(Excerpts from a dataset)

────

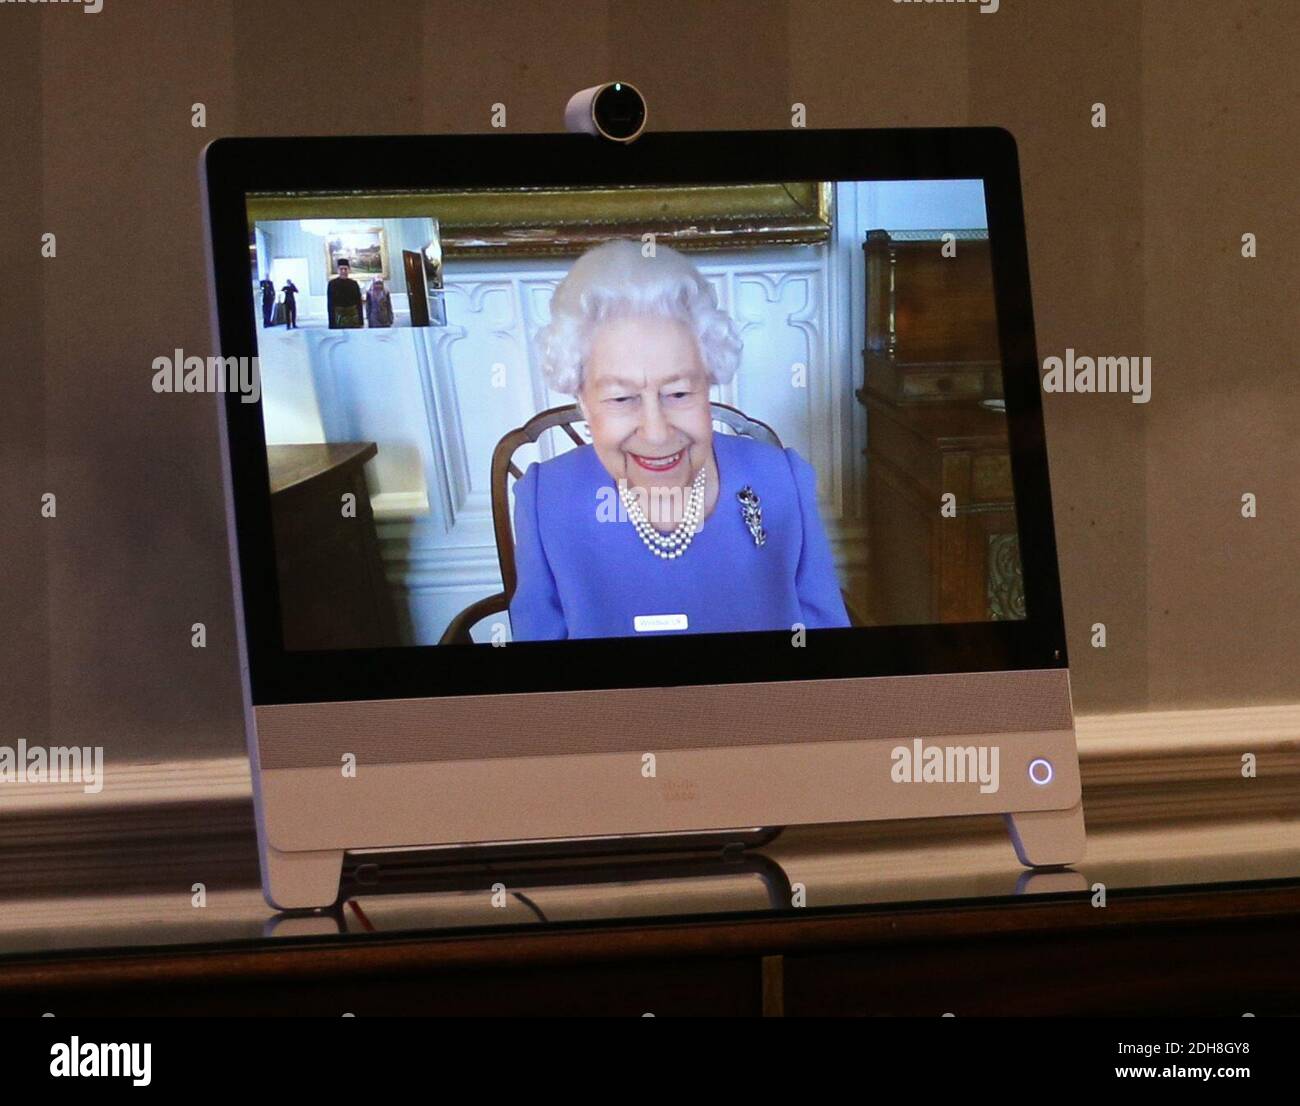 Queen Elizabeth II appears on a screen by videolink from Windsor Castle, where she is in residence, during a virtual audience to receive His Excellency the High Commissioner for Brunei Darussalam First Admiral Pengiran Dato Seri Pahlawan Norazmi bin Pengiran Haji Muhammad and his wife, Pg Datin Noralam binti Pg Hj Kahar, who were at London's Buckingham Palace. Stock Photo
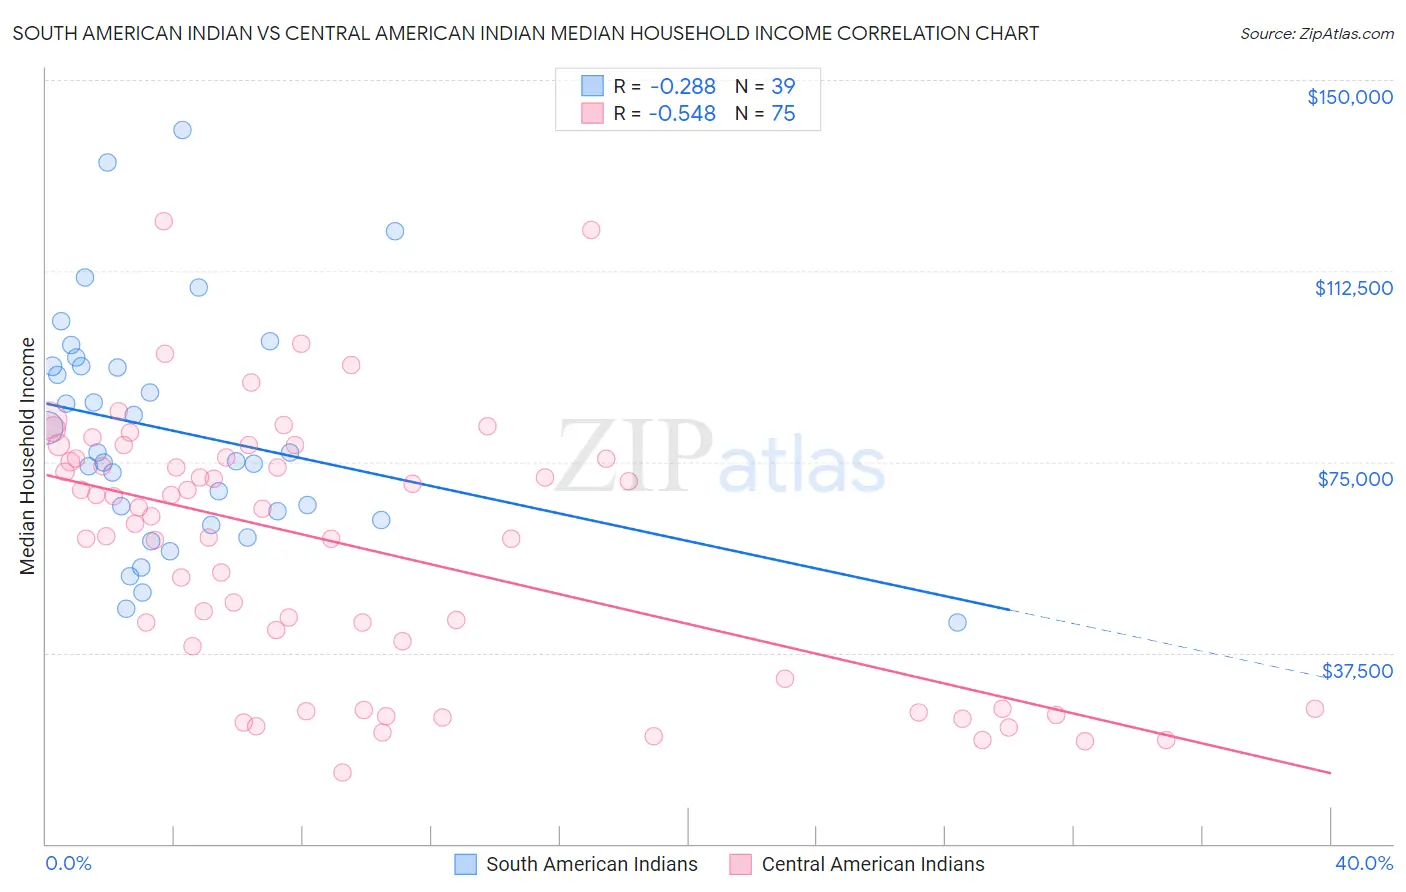 South American Indian vs Central American Indian Median Household Income
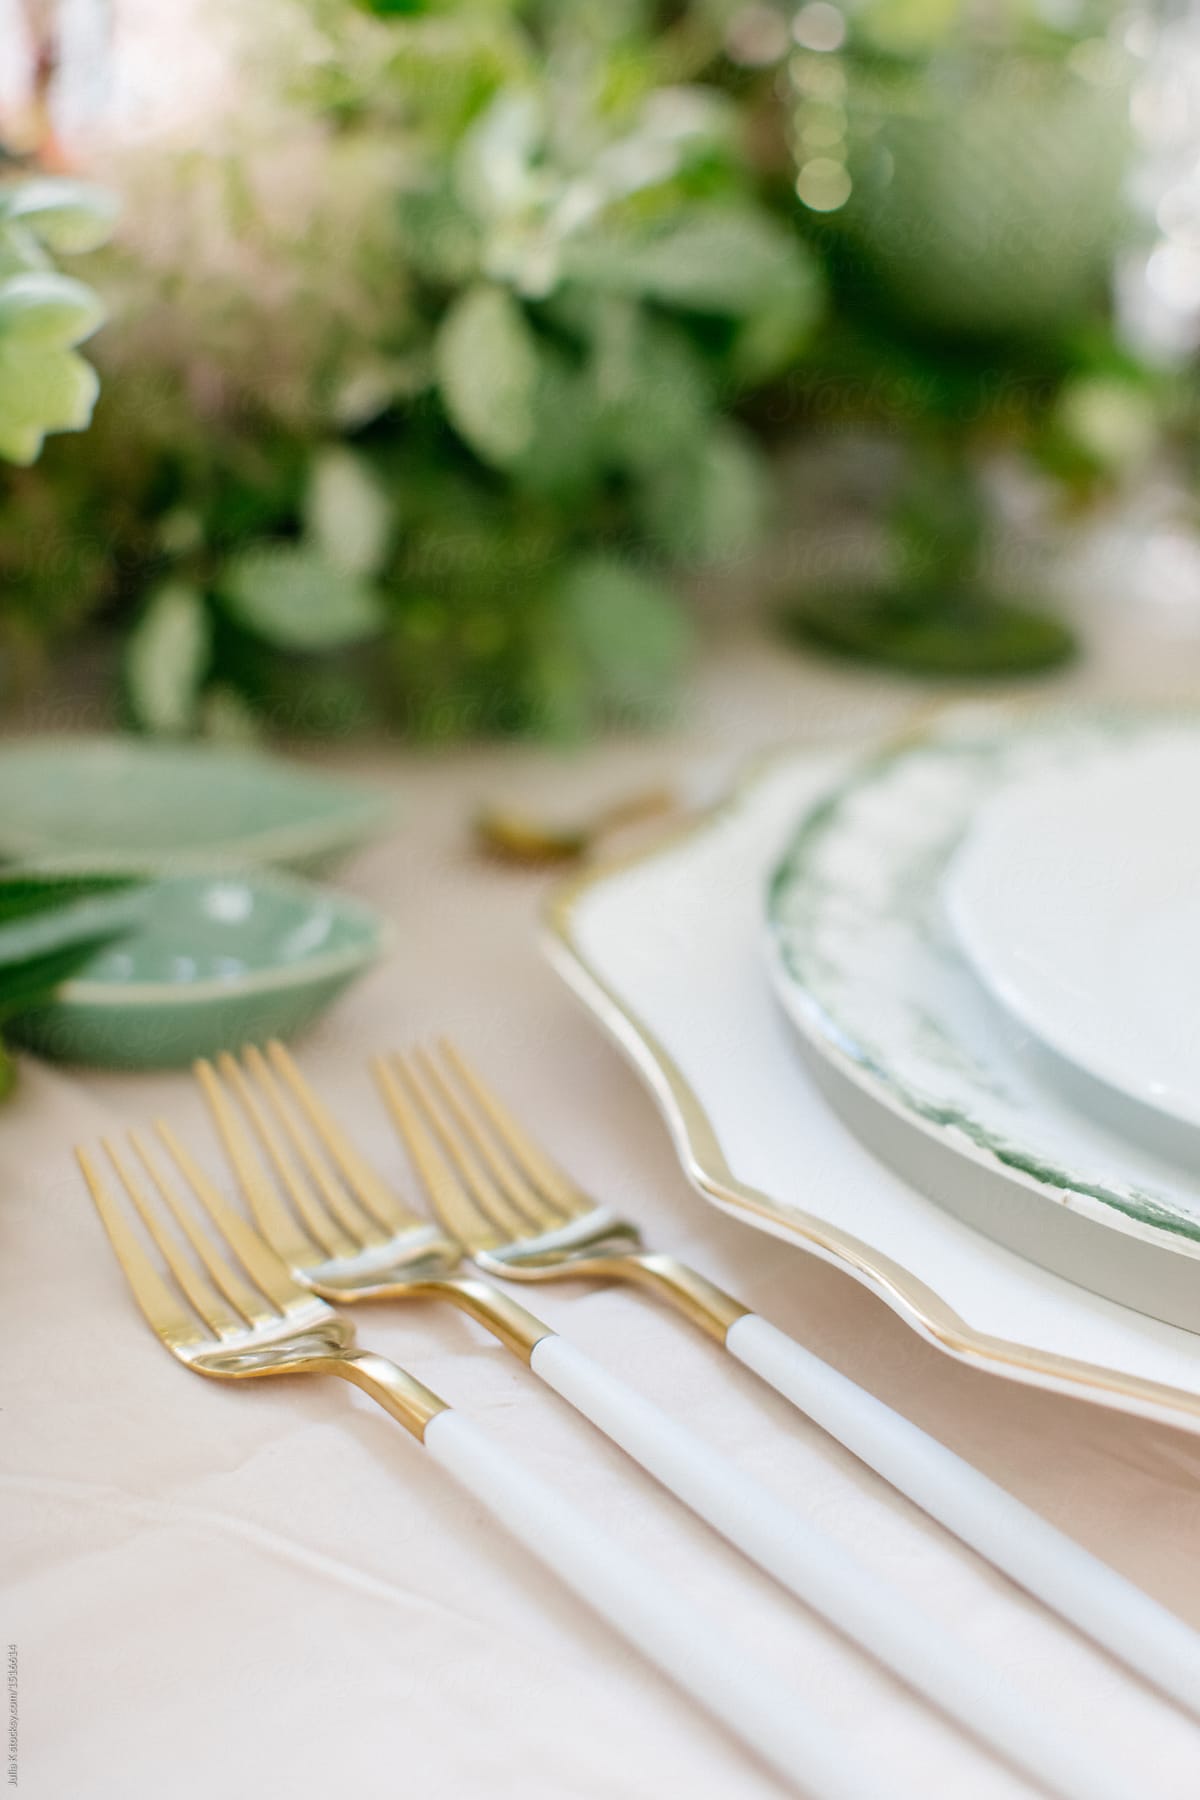 Gold silverware on table
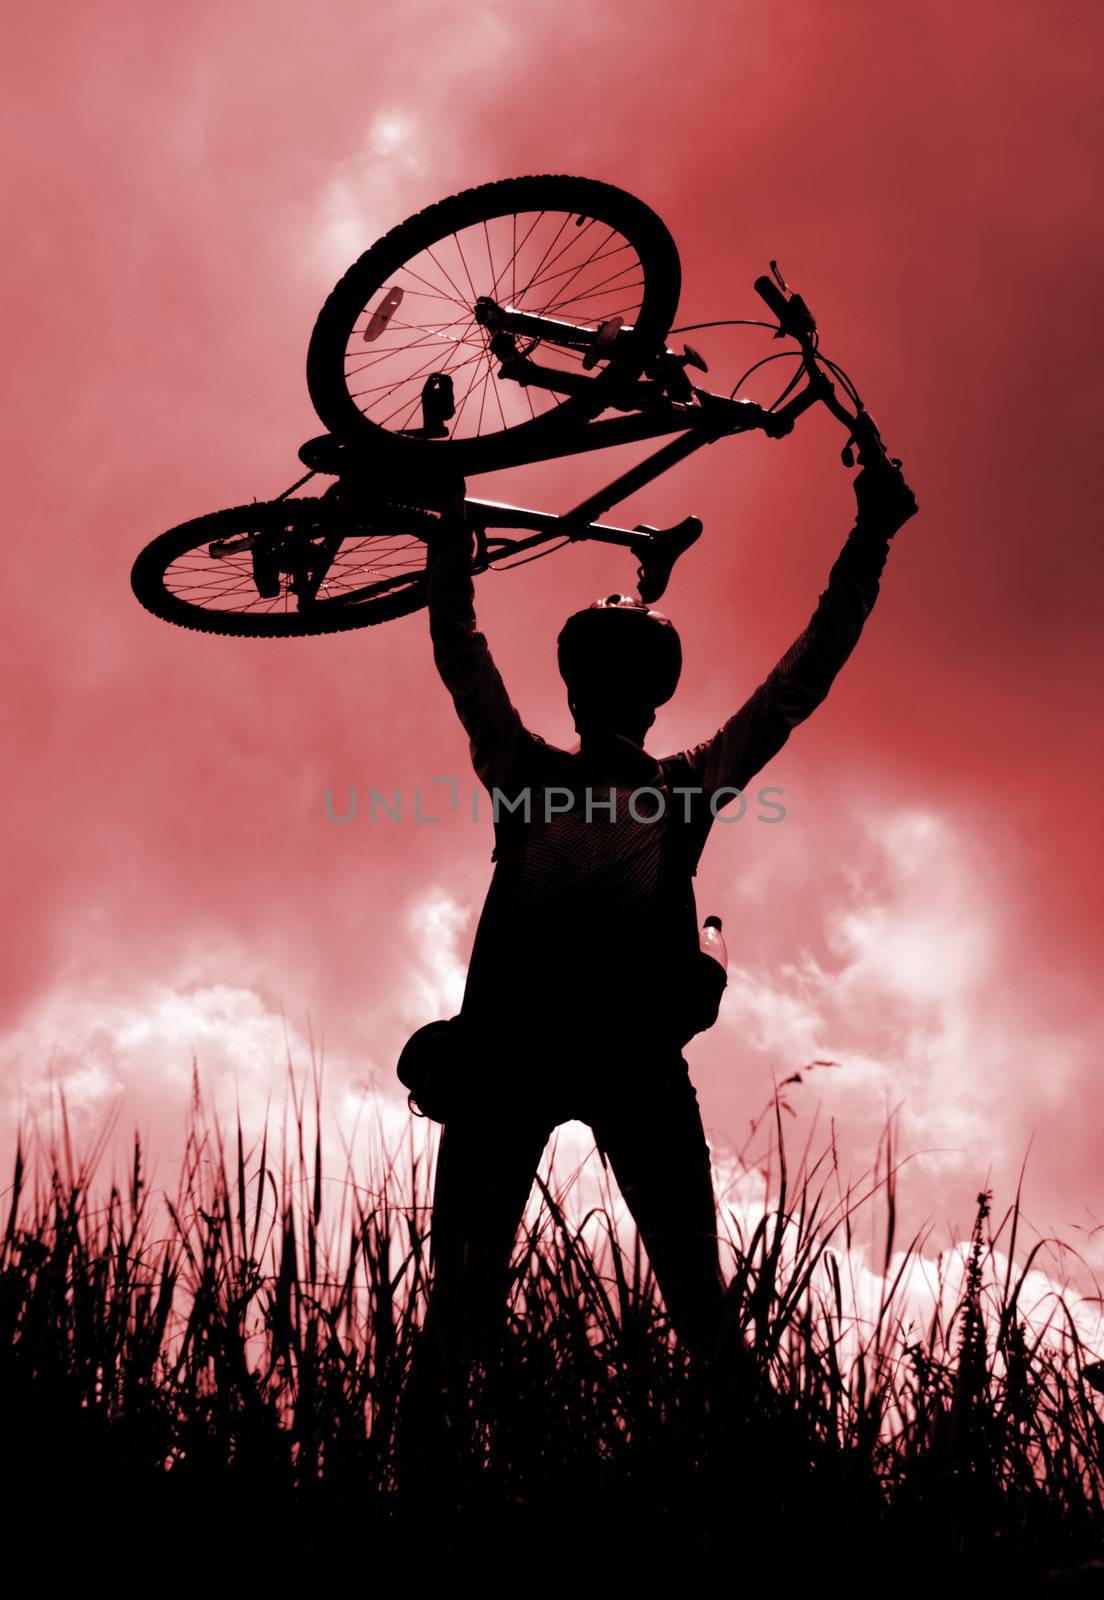 Silhouette of a biker holding his bicycle, red tint
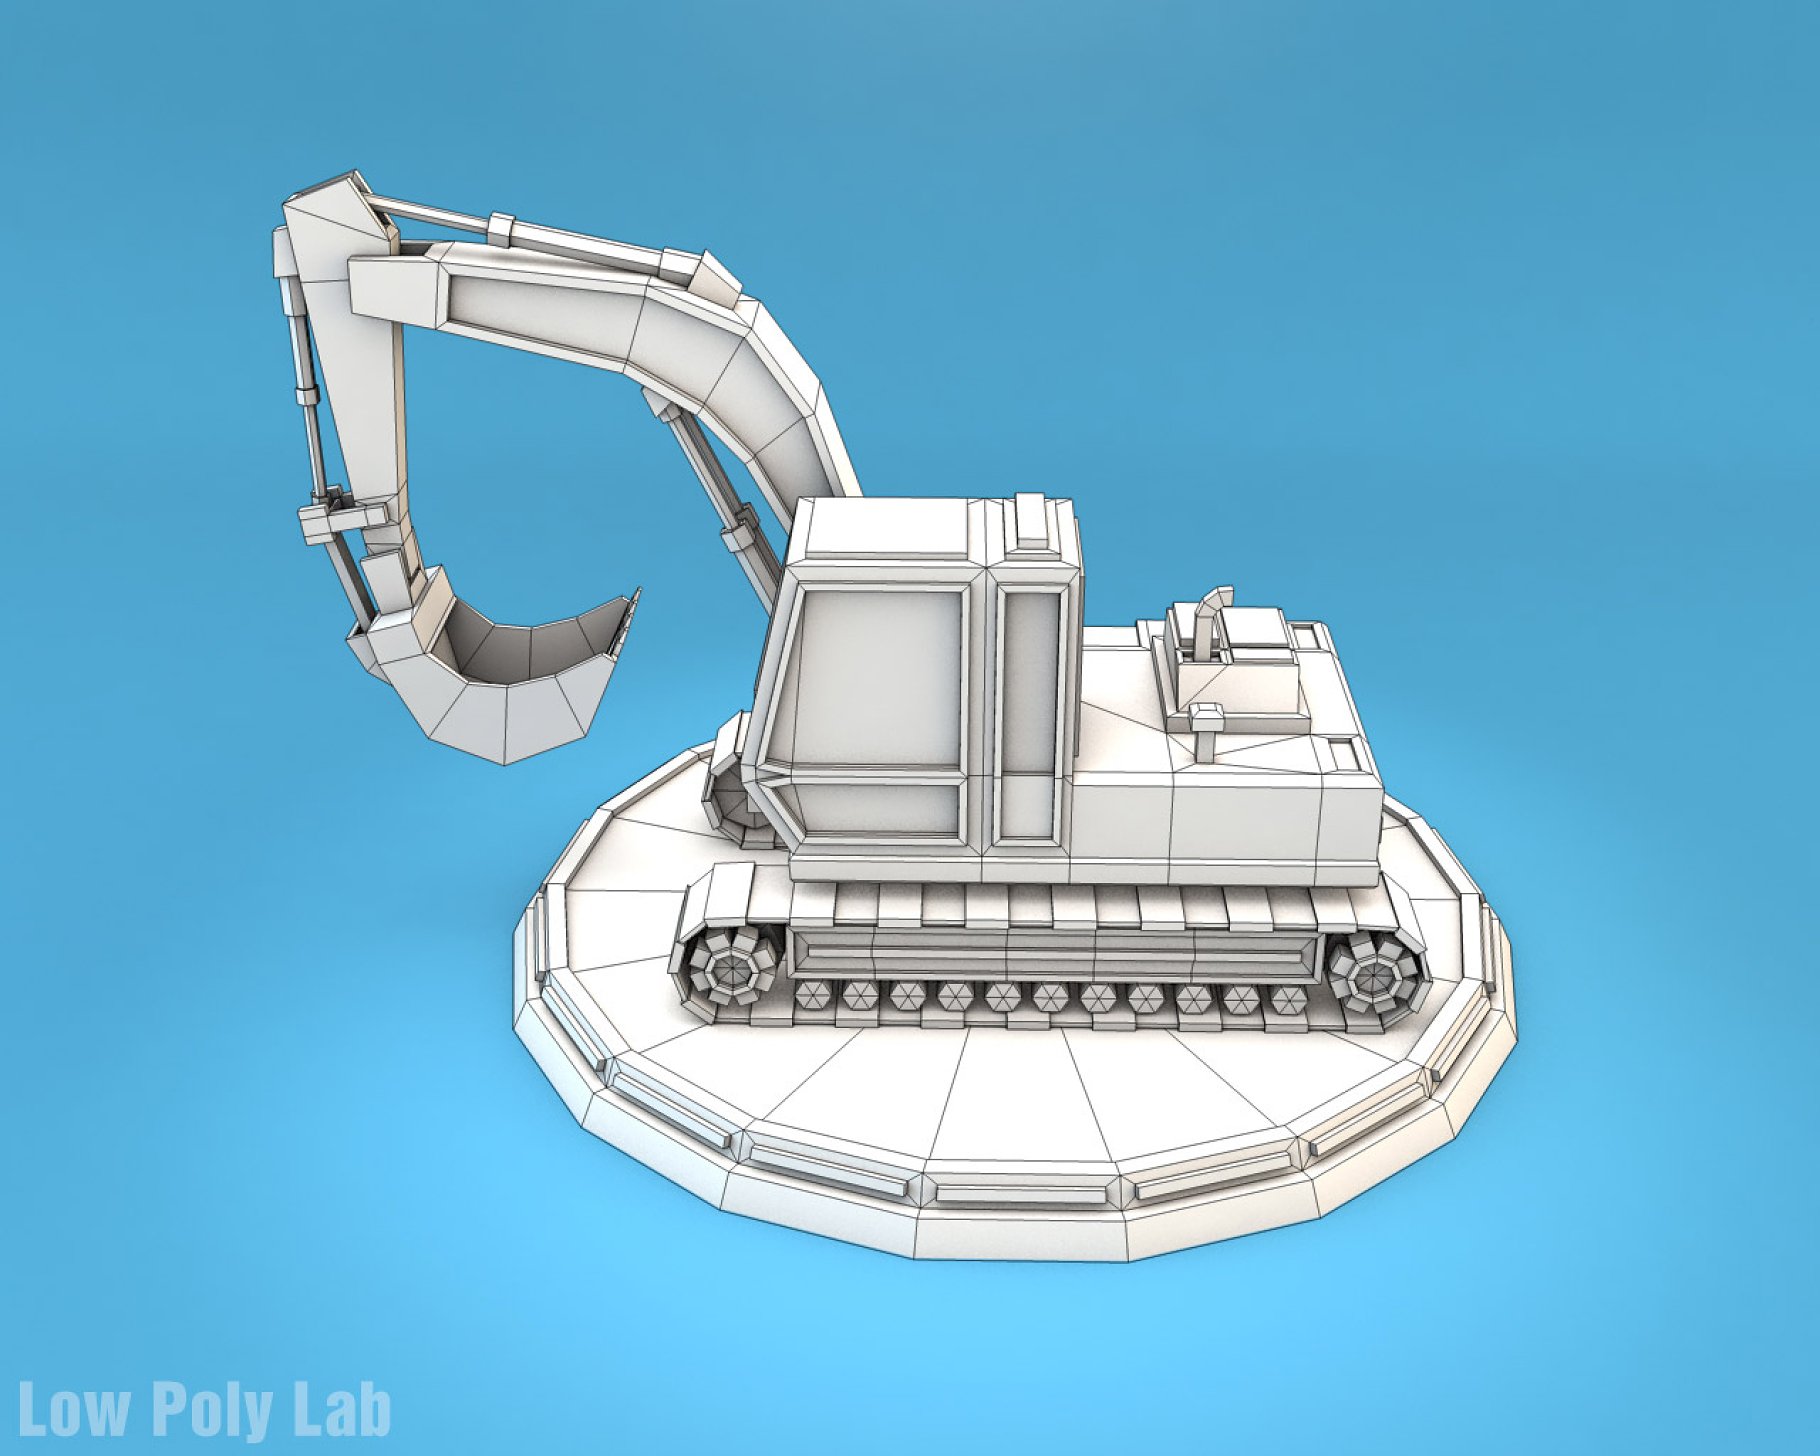 Gray low poly excavator mockup in left on a blue background.

────

• TASK DESCRIPTION: From the first line to the last, repeat the records exactly, leaving out the pictures.

• REPLY TO THE TASK:
 Queen Elizabeth II appears on a screen by videolink from Windsor Castle, where she is in residence, during a virtual audience to receive His Excellency the High Commissioner for Brunei Darussalam First Admiral Pengiran Dato Seri Pahlawan Norazmi bin Pengiran Haji Muhammad and his wife, Pg Datin Noralam binti Pg Hj Kahar, who were at London's Buckingham Palace. Stock Photo
 South American Indian vs Central American Indian Median Household Income
 Gold silverware on table
 Silhouette of a biker holding his bicycle, red tint
 Gray low poly excavator mockup in left on a blue background.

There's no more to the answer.